There won't be any additions, ESP will not agree to them nor will most, if not all, ACC schools. Let posters have their fun. However, the GOR is too expensive to buyout and there is no incentive for ESPN to let any of the ACC schools go. This has been discussed on this site and at present it will be in excess of a billion dollars to break the GOR, assuming ESPN agrees to allow it.
Even in 2031, there will be too many years left for schools to buy out the GOR. And yet, ESPN will still have no interest in allowing the ACC to collapse. It is more likely that ESPN will be thinking of merging the SEC and ACC than to breaking up the ACC and letting schools go to the B1G and giving up the northeast completely, the markets are too valuable to have no ESPN footprint. As it is the B1G and Big East belong to Fox covering the two profitable sports. It is bad business to simply give a competitor profit generating properties.
Further, no talking heads have done basic math, though ESPN, Fox, and the conferences have. The SEC will have several of big name schools becoming middle of the pack and many middle of the pack fall to losing records, even when they have a 4-game OOC schedule. Saban is not a fool, he knows this, as do the SEC voters, which explains his adamant argument for 4 OOC games in lieu of three. The one extra OOC game provides a little breathing room to prop up a couple more teams.

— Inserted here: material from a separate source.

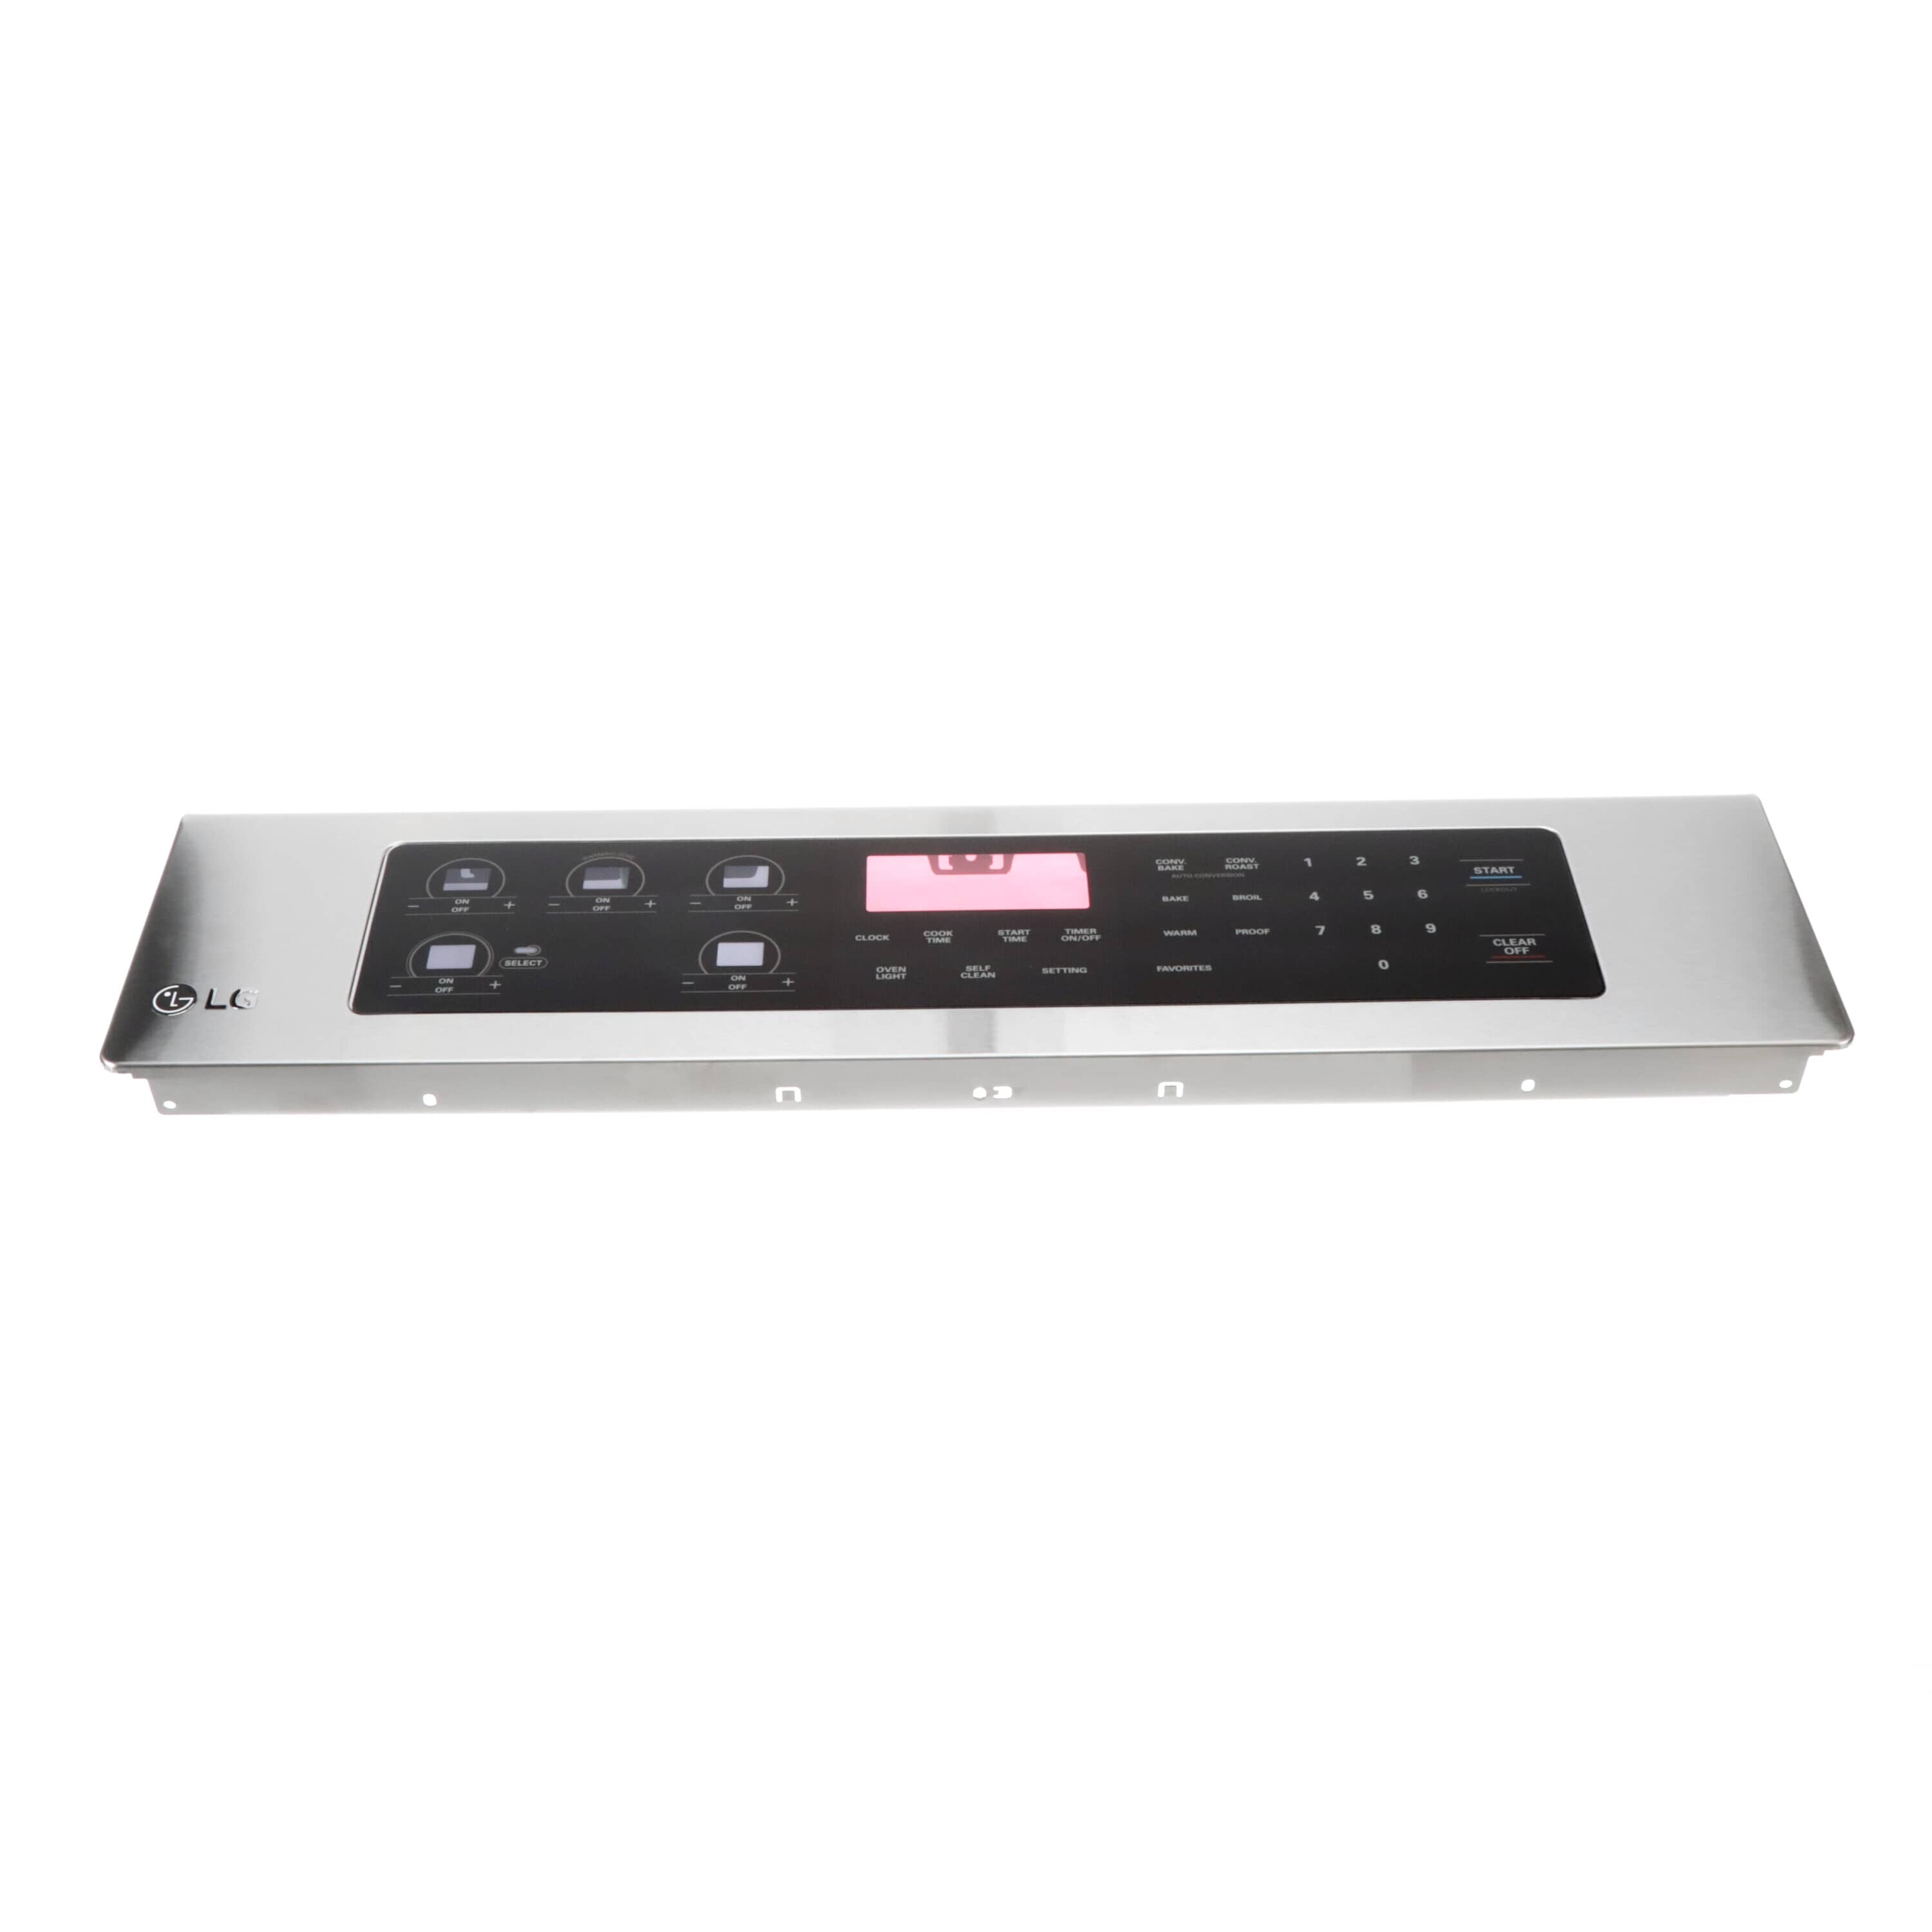 LG AGM73551615 Range Touch Control Panel

Conference play is a zero sum game, and inflation of records for the middle and bottom must come from outside the conference.
Before arguing with me, do the math and present it here. There is no mathematical possibility that Bama, LSU, UGA, UT, TAMU, OU, UF, Auburn, and Tennessee in which they are all top 25. In fact, at least one will become a loser each year, probably more than one. Nor will all of the former middle of the pack be happy being perpetual losers. No one will care that Ole Miss, MState, USC, Arkansas, Mizzou (east, not Rutgers - inside joke, a Rutgers fan once claimed Rutgers was USC on Saturdays) is in the SEC when they can't win 6 games annually. Only UK and Vandy will remain unscathed because they historically are the SEC bottom feeders of the SEC.

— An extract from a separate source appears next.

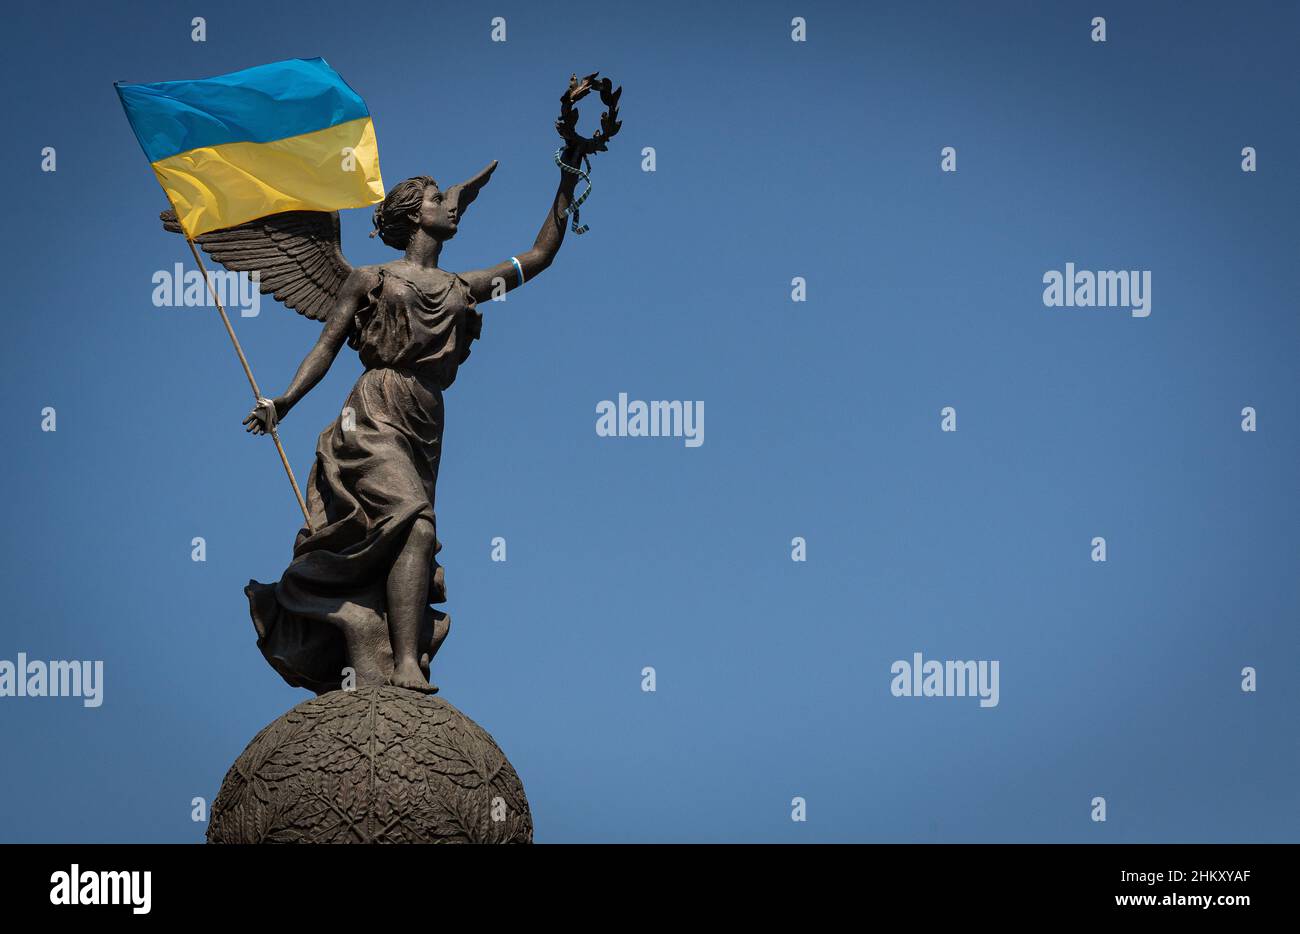 Ukrainian flag and statue in the city of Kharkiv, Ukraine. Stock Photo

The same is true in the B1G, just different names. Both conferences will either have to split for the biggest names to have annual success that they are accustomed to, or more likely, both expand to include more middle of the pack and a couple bottom feeders to prop up the biggest names.
Again, before you whine and complain in an attempt to convince us that the SEC is all that and a bag of chips, do the math, show your work and prove absolutely that your response will work. As it stands, it won't. By 2031, everyone will understand this point.